Defective interaction between p27 and cyclin A-CDK complex in certain human cancer cell lines revealed by split YFP assay in living cells

Figures & data

Fig. 1. Construction and verification of the split YFP system for detecting CycA-p27 interaction in living cells. (A) Construction of the split YFP vectors. P_CMV, CMV promoter; MT, 6× myc epitope tag; L10, 10-amino acid linker peptide ([Gly-Gly-Gly-Gly-Ser]₂). pCS2YC-L10-hp27 RXL carries five alanine-substitution mutations in the RXL (cyclin-binding) motif of p27. (B) Split-YFP fluorescence is detected specifically upon CycA-p27 interaction. HEK293 cells were transfected with 10 μg each of the indicated split-YFP (MT CycA-YFP_N and YFP_C-p27) expression vectors, and examined under fluorescent microscope. Nuclei were stained with DAPI. YFP signal was detected as green fluorescence. (C) MT CycA-YFP_N and YFP_C-p27 proteins form a functional complex. HEK293 cells were transfected with 10 μg each of the split-YFP expression vectors, and the cell extracts were subjected to anti-myc tag immunoprecipitation, followed by Western Blot Analysis using antibodies against the myc tag, p27 and CDK2, and by histone H1 kinase assay (³²P-histone H1).

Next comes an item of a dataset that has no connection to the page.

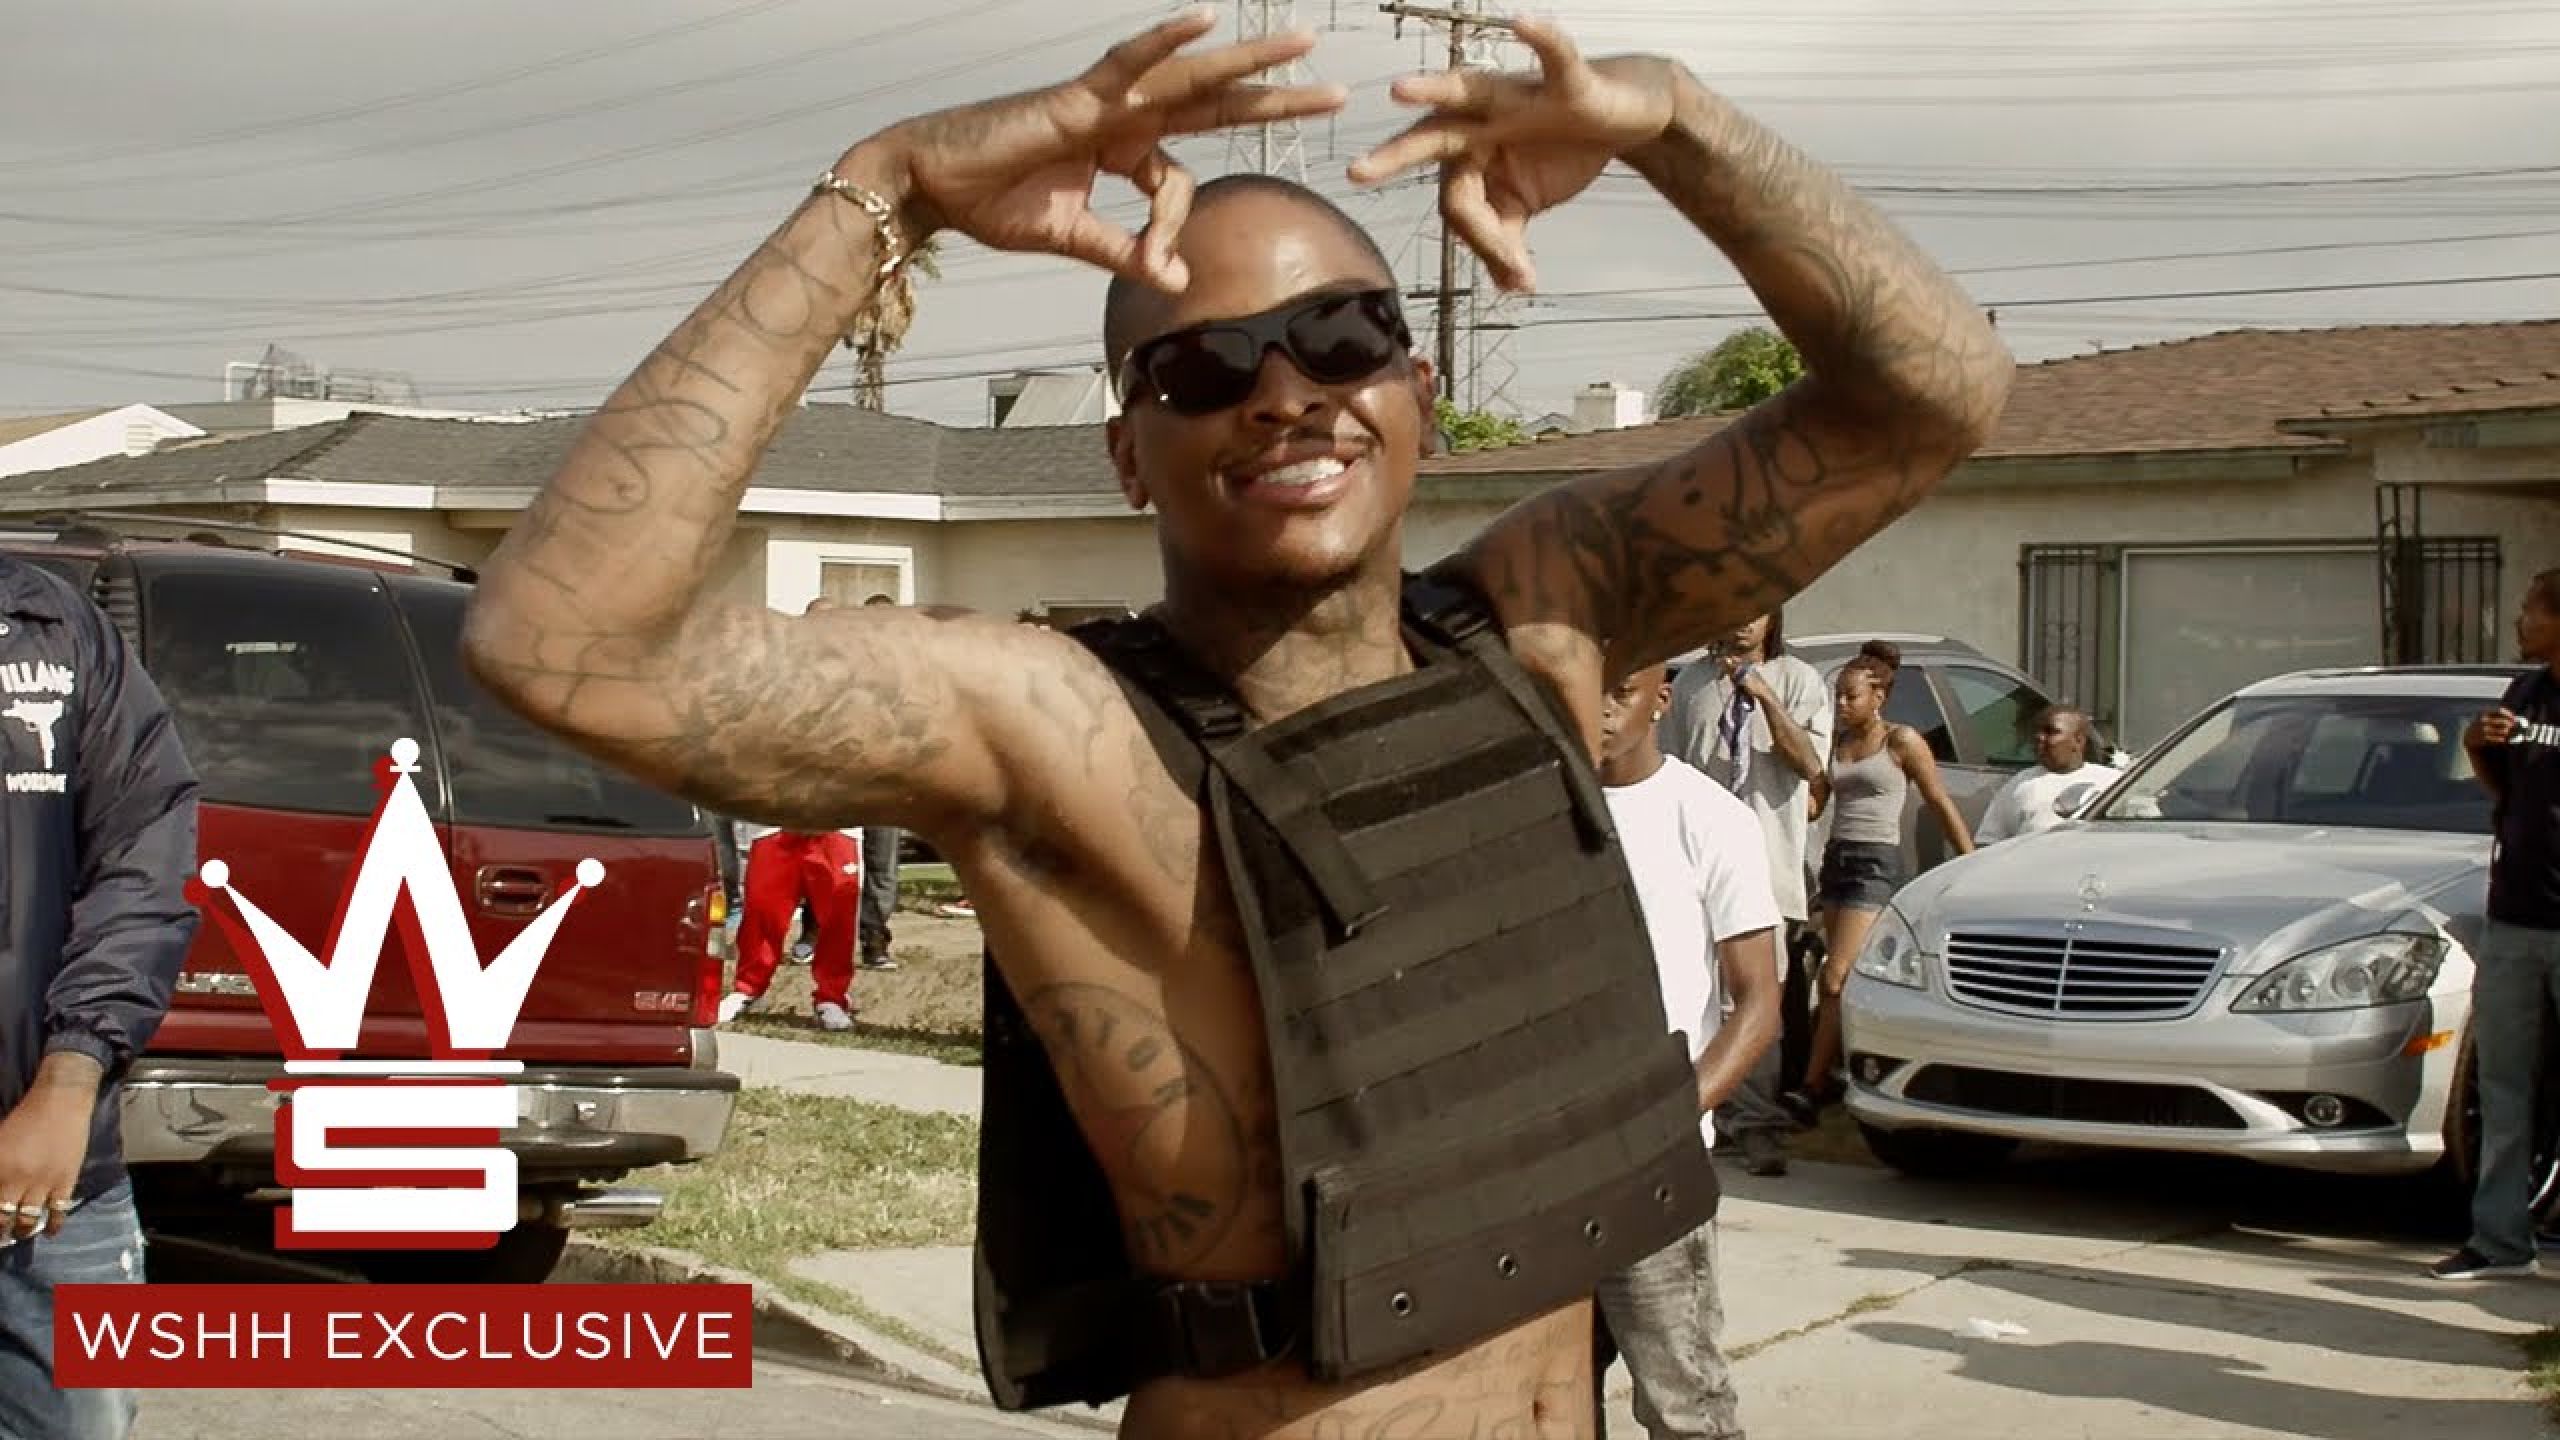 AD "Thug" Feat. YG (WSHH Exclusive - Official Music Video)

Fig. 2. Evaluation of CycA-p27 interaction by split-YFP fluorescence in various cancer cell lines. WI-38, HEK293, U-2 OS, MDAH041, Kato Ⅲ, HeLa (A) and A431, Caco-2, HepG2, Saos-2, HT1080, MCF-7 (B) cells were co-transfected with 10 μg each of the split-YFP expression vectors and 1 μg of DsRed-expressing vector, and examined under fluorescent microscope. Nuclei were stained with DAPI. Note that the cells in (B) showed no detectable YFP signal.

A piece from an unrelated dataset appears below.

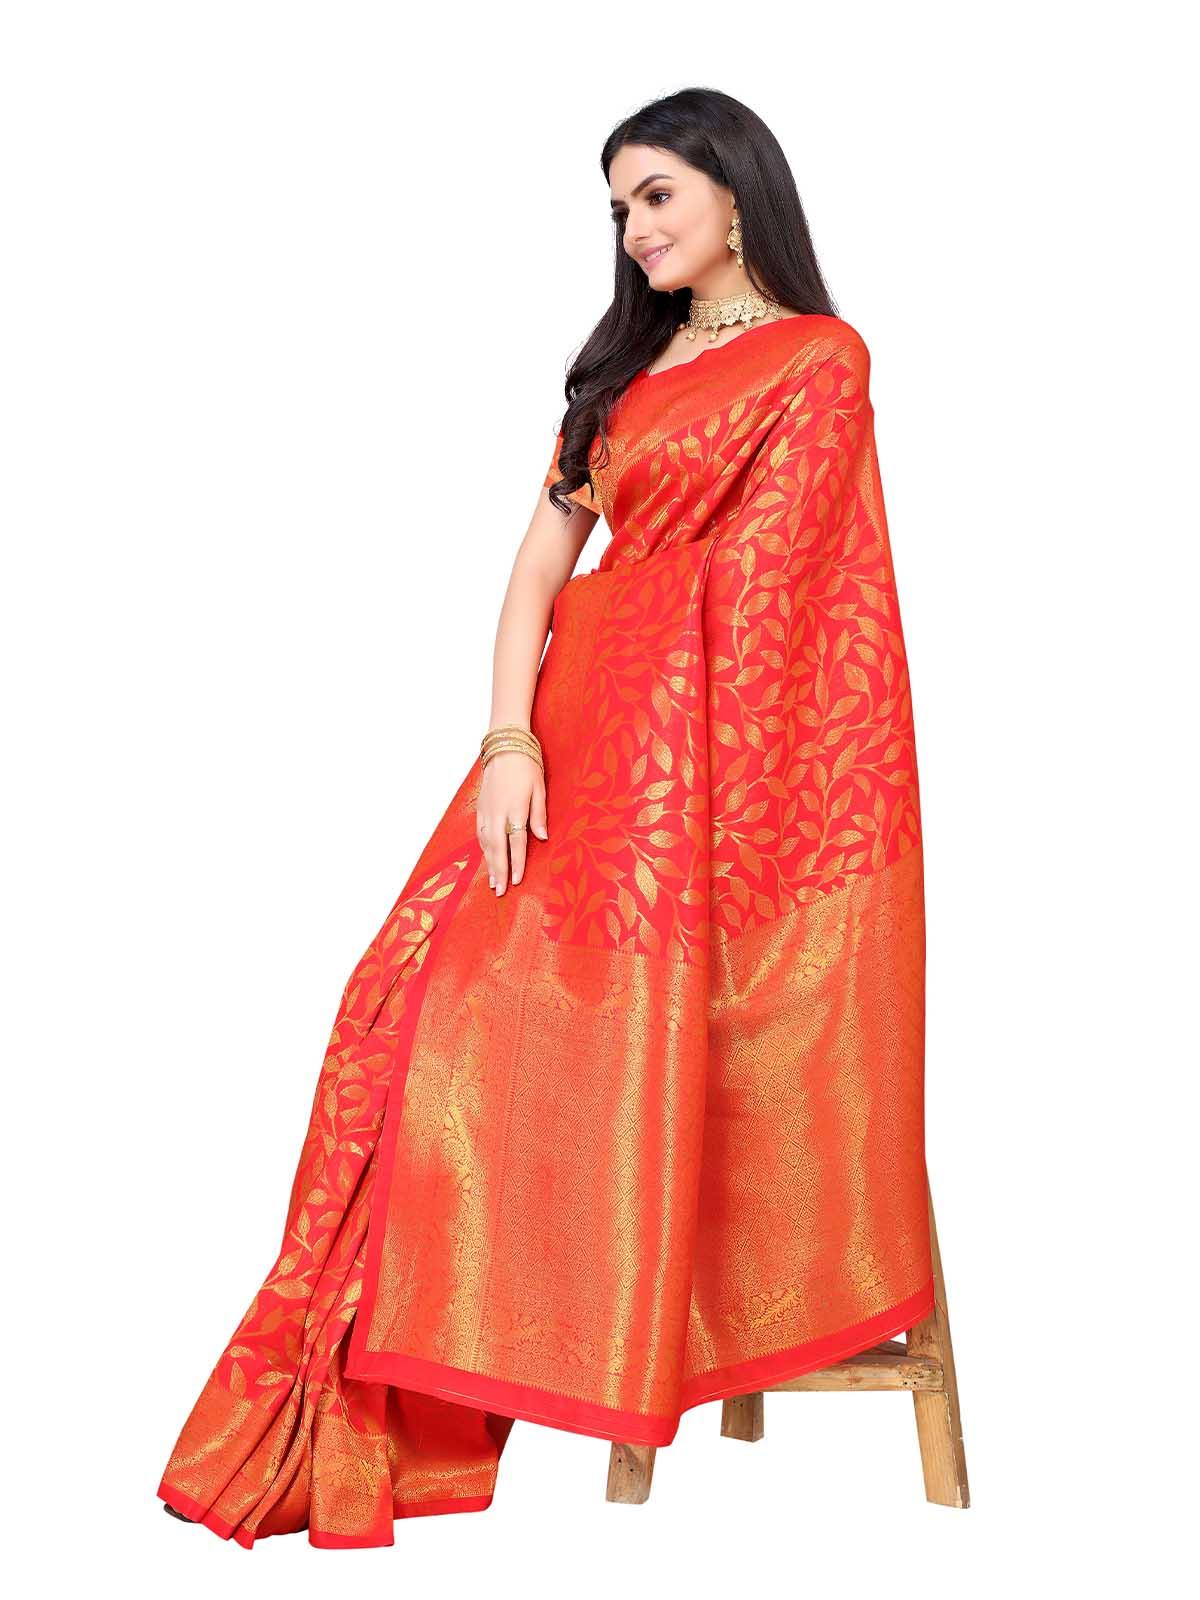 Women's Red Silk Blend Woven Saree With Blouse - Odette

Fig. 3. Absence of YFP signal in HT1080 and HepG2 cells is independent of the expression level of split-YFP fusion proteins. (A) HEK293, U-2 OS, HT1080, MDAH041, HeLa, HepG2 cells were co-transfected with 10 μg each of the split-YFP and myc-tagged (MT) LacZ expression vectors. The cell extracts were immunoblotted using antibodies against myc tag and p27. (B) HT1080 and HepG2 cells were co-transfected with 10 μg each of the split-YFP and MT LacZ expression vectors in the absence and presence of 10 μM proteasome inhibitor MG132 and immunoblotted using antibodies against myc tag. (C) HEK293, HT1080 and HepG2 cells were co-transfected with 10 μg each of the split-YFP and 1 μg of DsRed-expressing vectors in the absence and presence of 10 μM MG132, and examined under fluorescent microscope. Nuclei were stained with DAPI.

Fig. 4. Co-immunoprecipitation of CycA and p27 proteins in various cancer cell lines. (A) HEK293, U-2 OS, HT1080, MDAH041, HeLa, and HepG2 cells were co-transfected with 10 μg each of the split-YFP expression vectors (10 μM MG132 was added for HT1080 and MDAH041), and the cell extracts were subjected to anti-myc tag immunoprecipitation, followed by Western Analysis using antibodies against myc tag and p27. (B) The above six cell lines were transfected with 1 μg (HEK293), 2 μg (HT1080), 3 μg (U-2 OS, HeLa) or 5 μg (MDAH041, HepG2) of HA-p27 expression vector to equalize the expression level, and the cell extracts were subjected to anti-CycA immunoprecipitation, followed by Western Analysis using antibodies against CycA, HA tag, and Cdk2. See Supplementary Fig. S4 for quantified data.